I always set mine exactly how I want it before I bed it.  I just always lift the loose jaw up and then push the pan down to the night latch and never get snapped fingers. I don't want any creep in my pan.  I always check my MB550's every year and tweak pan tension, level, creep and over all performance before I start setting them.


----------



## mallardsx2

Why do you not wax them? Never seen an answer to that. I guess he speed dips them?


----------



## Ol' Gobblero

mallardsx2 said:


> Why do you not wax them? Never seen an answer to that. I guess he speed dips them?

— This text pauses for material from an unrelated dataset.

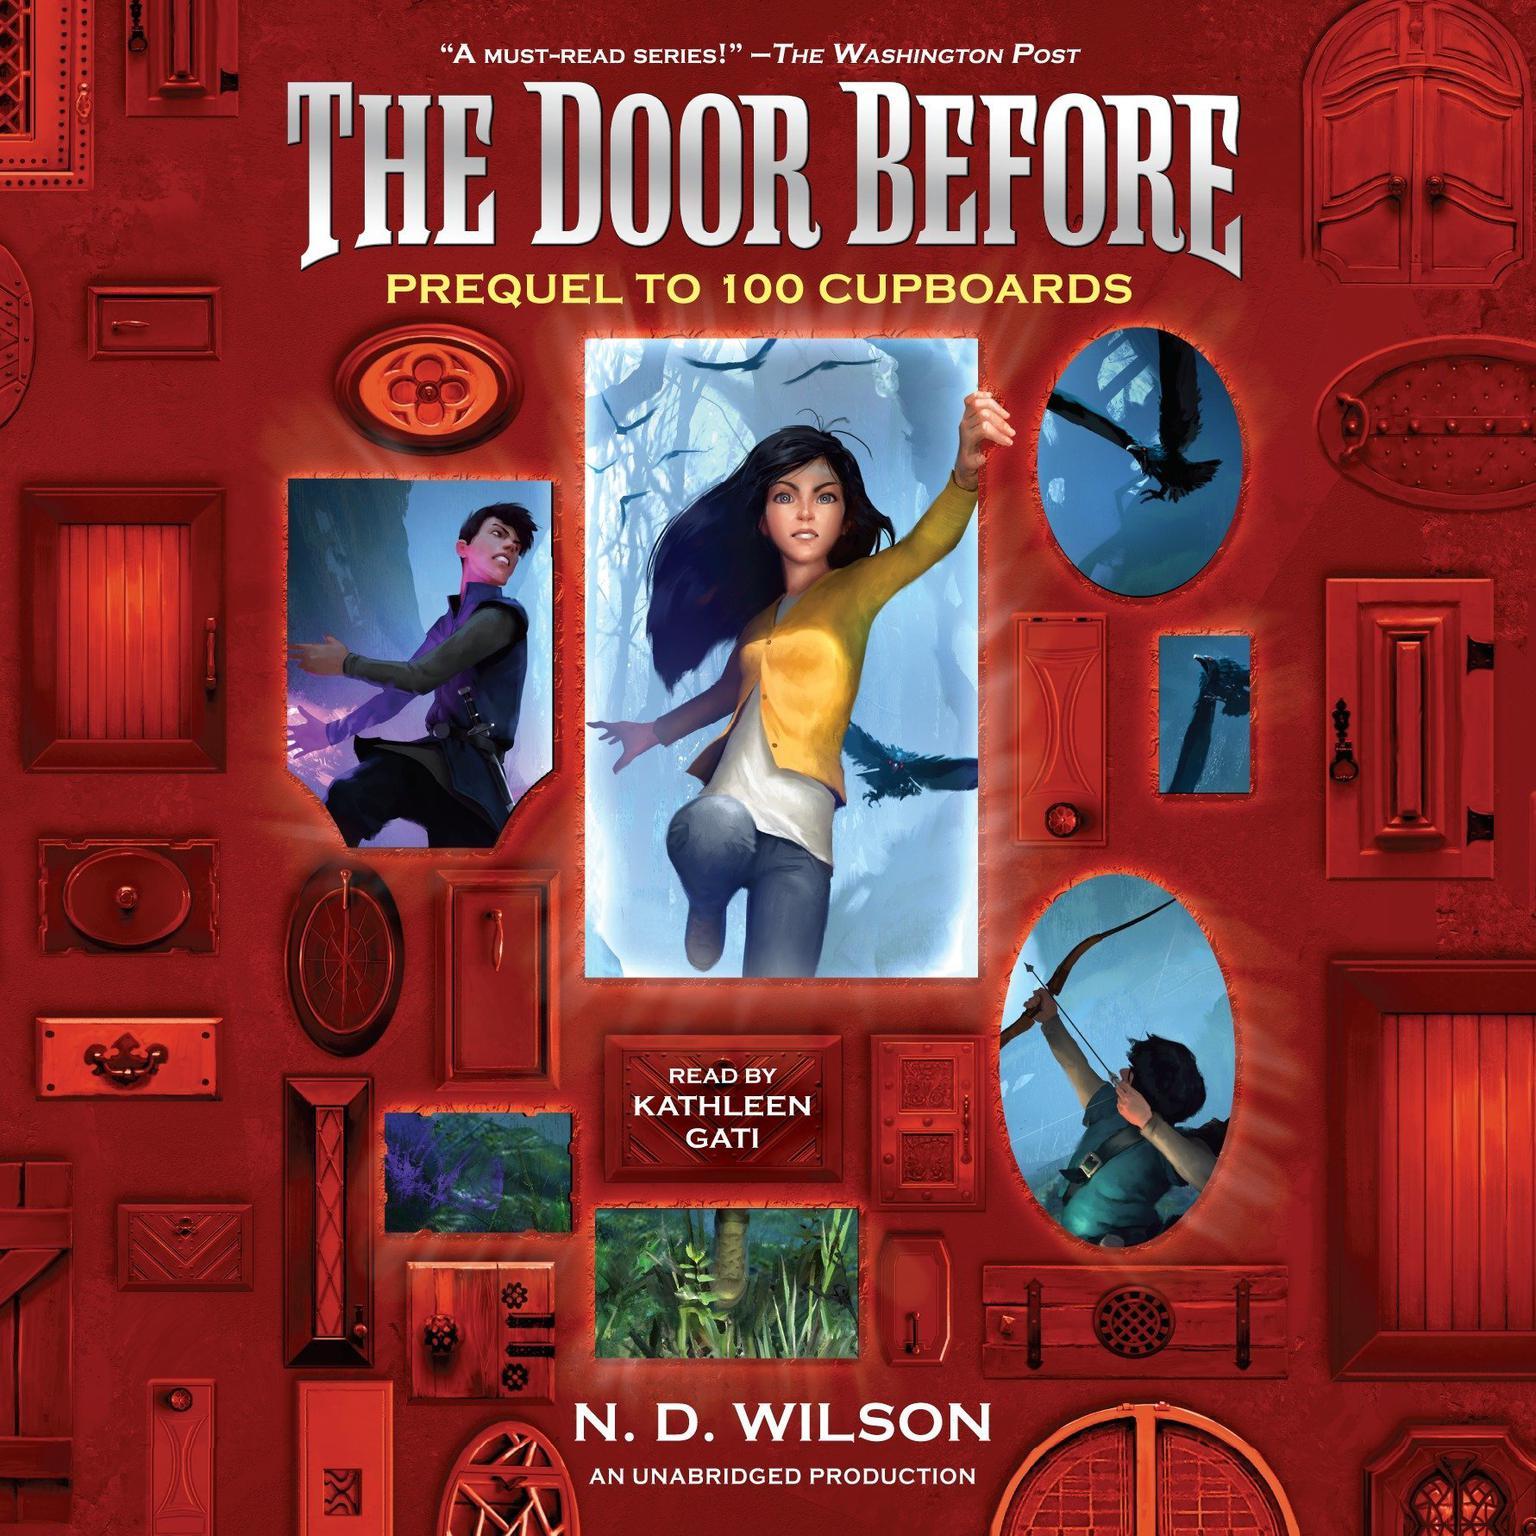 Printable The Door Before (100 Cupboards Prequel) Audiobook Cover Art

I do not wax because it takes too long for me. I have 400-450 traps that are running all year. Trapping is my full time job. Trapped every week except 4 last calendar year. I will degrease, pressure wash and dip in Zep’s once every 3 months or so. But if you keep your traps running and catching they never get a chance to rust. Our soil is sandy for the most part so a coon will knock any rust off of them pretty easily.

Nothing against waxing, but once it warms up here in March wax melts and turns into a big mess. I just see it as an unnecessary added step. If I only ran 3-4 dozen traps I would probably still boil them in dye, but not wax. I run a shortened dog on my traps with zero pan creep so I do not have to rely the wax to speed my traps up.


----------